> **Data excerpts**
----

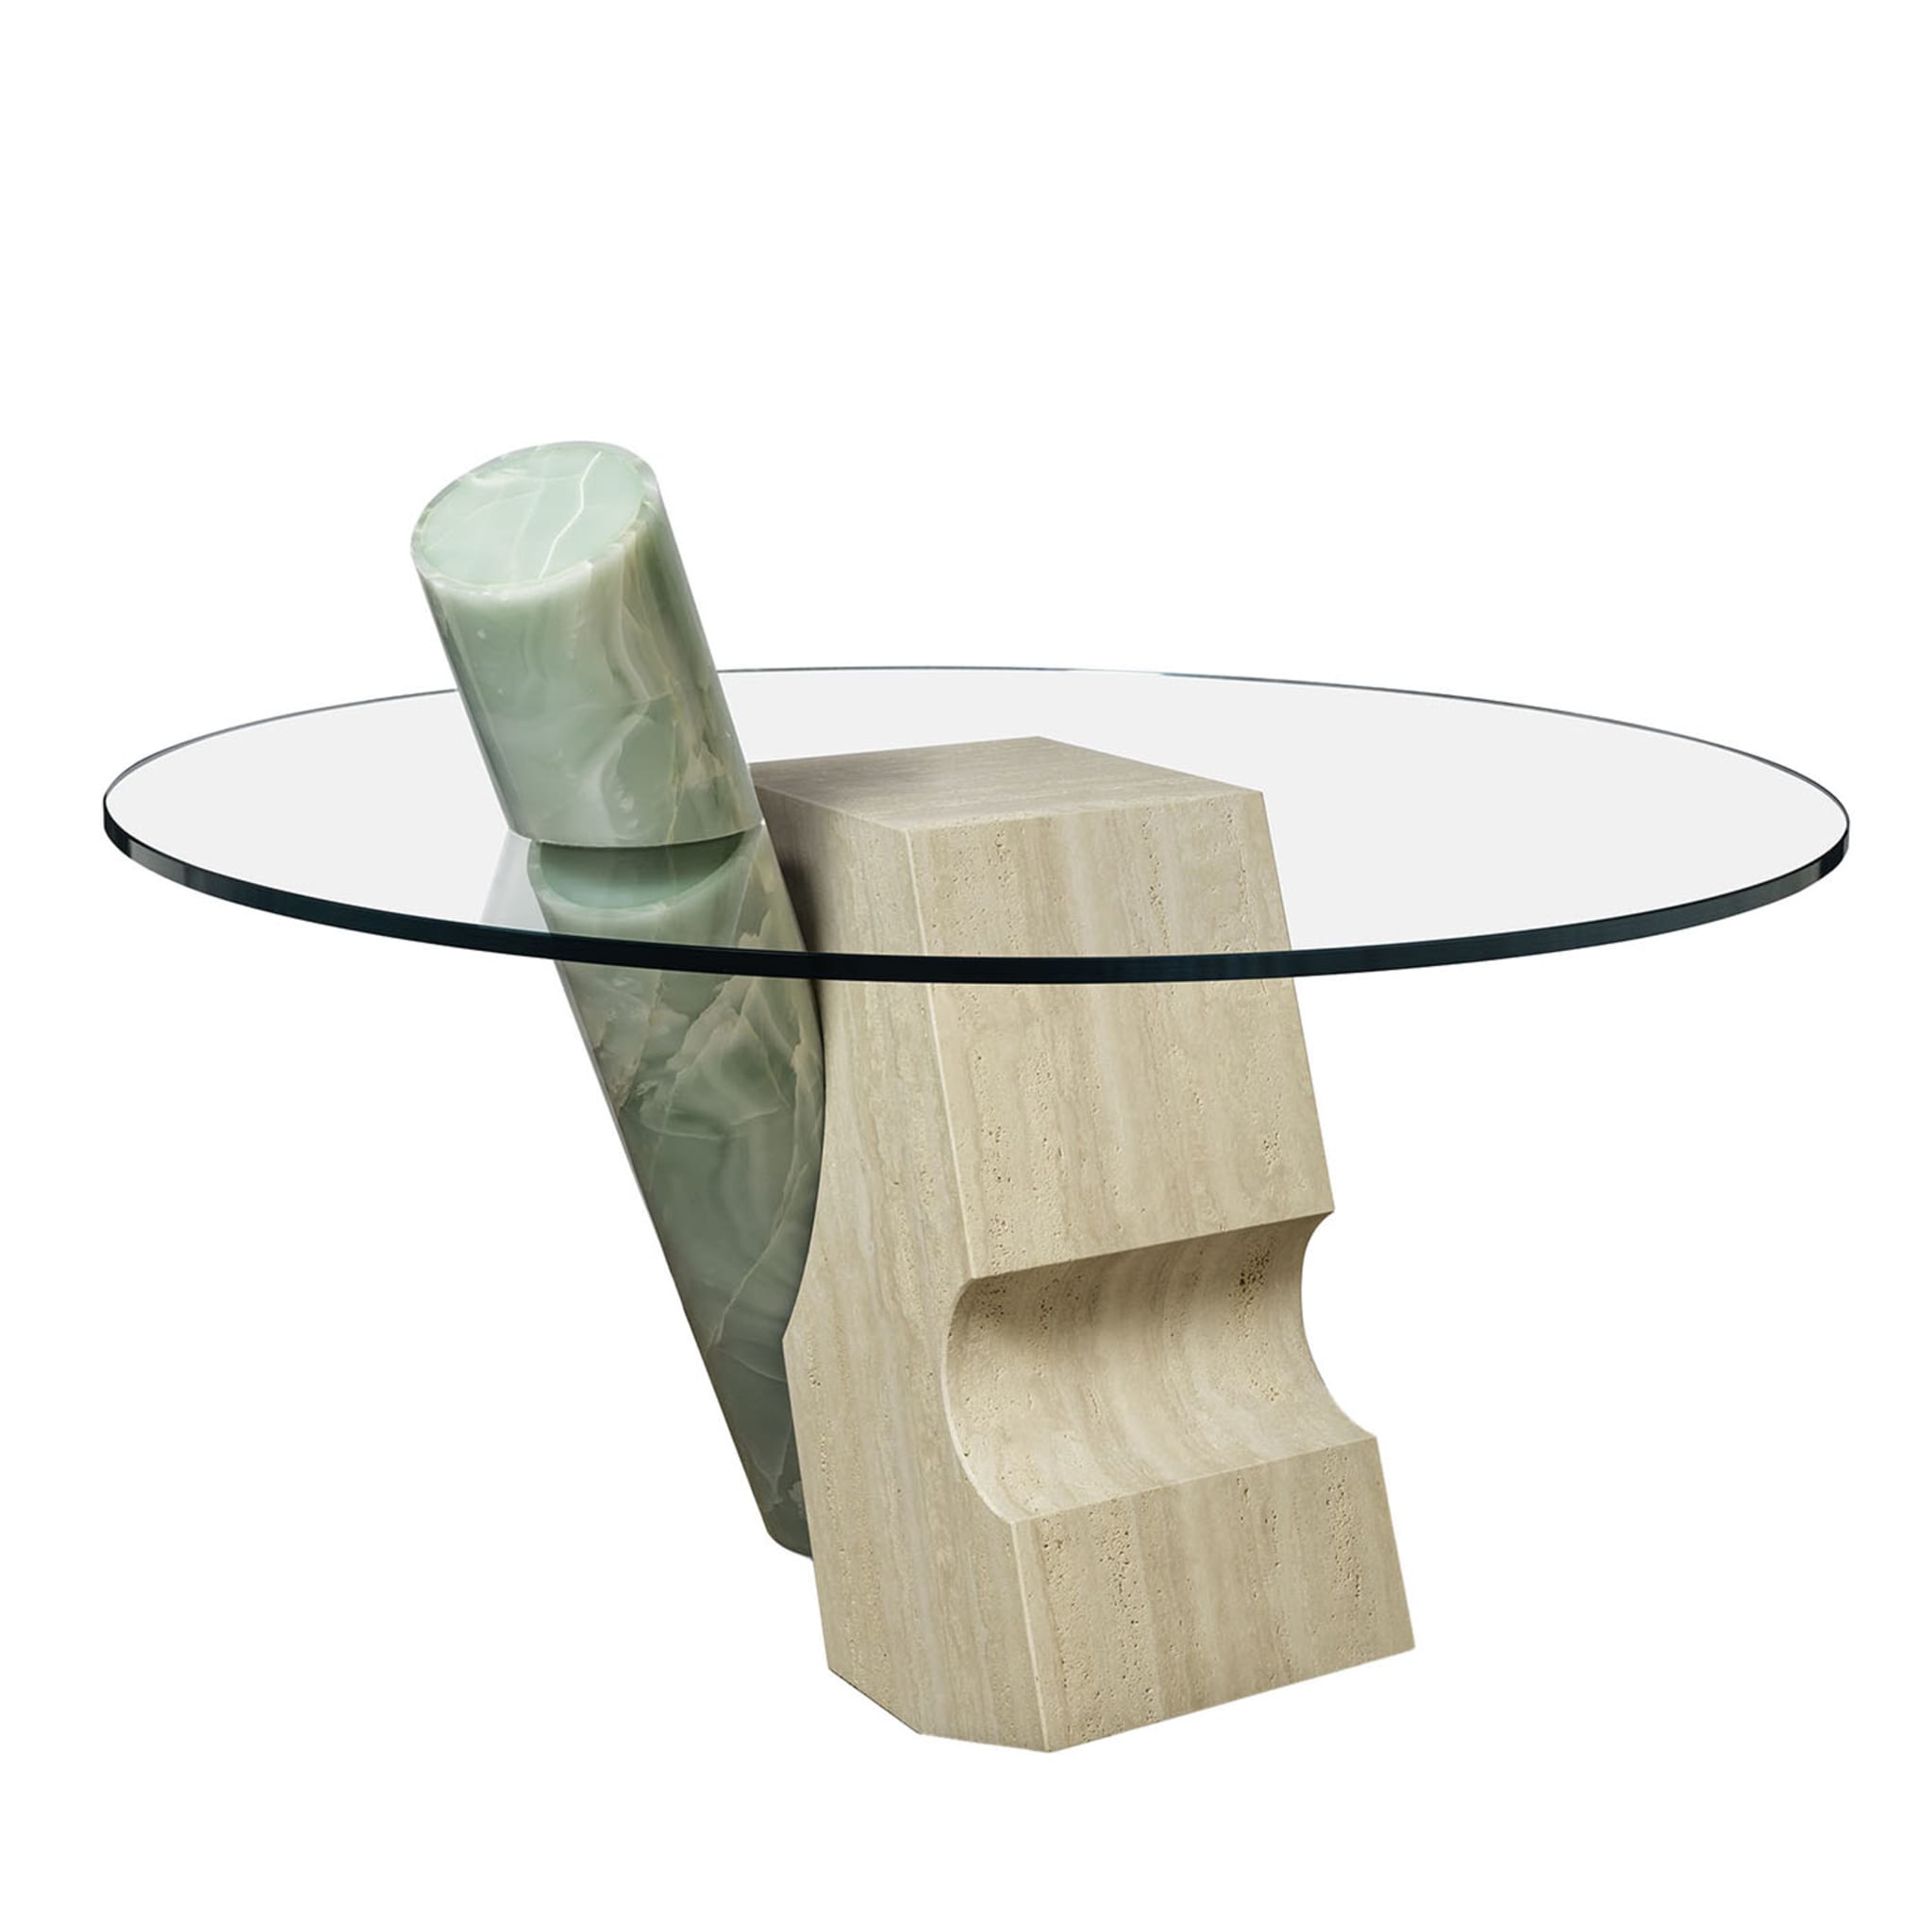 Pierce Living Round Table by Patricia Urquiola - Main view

----

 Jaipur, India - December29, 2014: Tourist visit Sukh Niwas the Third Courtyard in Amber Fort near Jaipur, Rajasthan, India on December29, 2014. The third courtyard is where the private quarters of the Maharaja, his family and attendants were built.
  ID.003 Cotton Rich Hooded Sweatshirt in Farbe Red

----

Please, from the entries above, set down exactly the lines from the one containing "Jaipur, India - December29, 2014: Tourist" through the one containing "ID.003 Cotton Rich", and only those.

 Jaipur, India - December29, 2014: Tourist visit Sukh Niwas the Third Courtyard in Amber Fort near Jaipur, Rajasthan, India on December29, 2014. The third courtyard is where the private quarters of the Maharaja, his family and attendants were built.
  ID.003 Cotton Rich Hooded Sweatshirt in Farbe Red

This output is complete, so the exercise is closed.